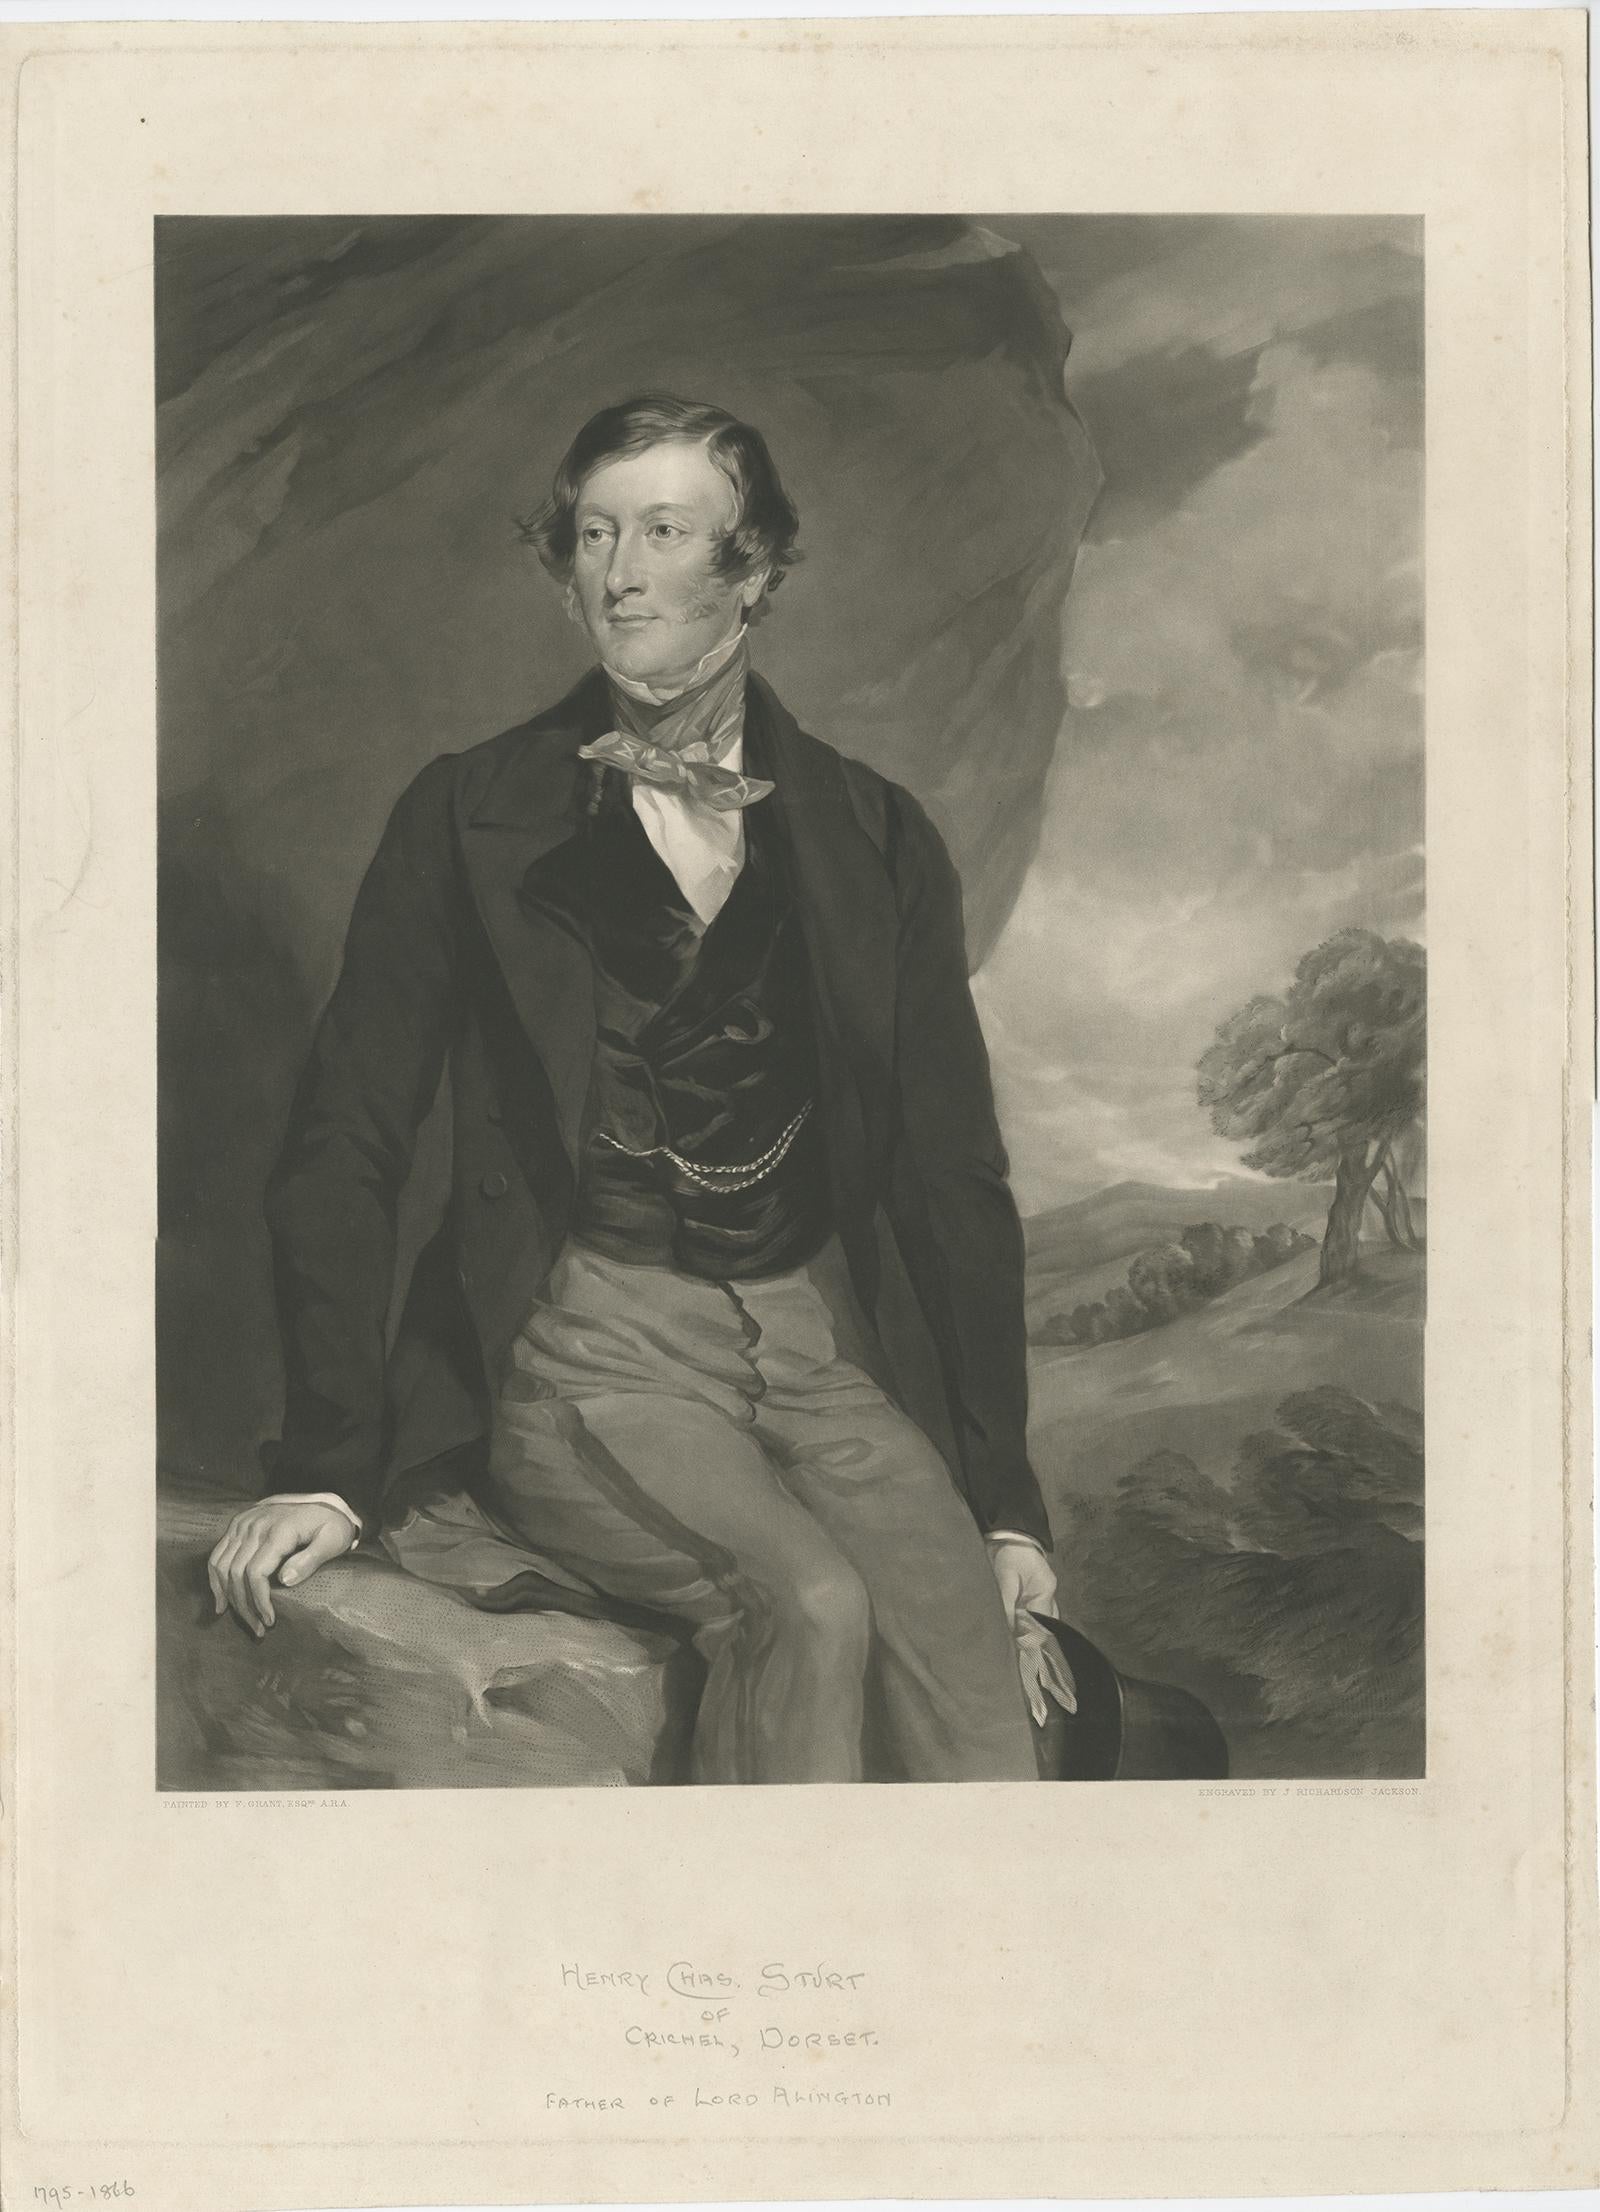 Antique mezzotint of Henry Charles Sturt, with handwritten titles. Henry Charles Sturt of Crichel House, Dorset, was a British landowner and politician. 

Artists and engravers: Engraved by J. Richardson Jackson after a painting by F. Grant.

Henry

__EXERCISE GOAL__:
Reproduce each line above precisely, with no pictures.

__WRITTEN ANSWER__:
 Antique mezzotint of Henry Charles Sturt, with handwritten titles. Henry Charles Sturt of Crichel House, Dorset, was a British landowner and politician. 

Artists and engravers: Engraved by J. Richardson Jackson after a painting by F. Grant.

Henry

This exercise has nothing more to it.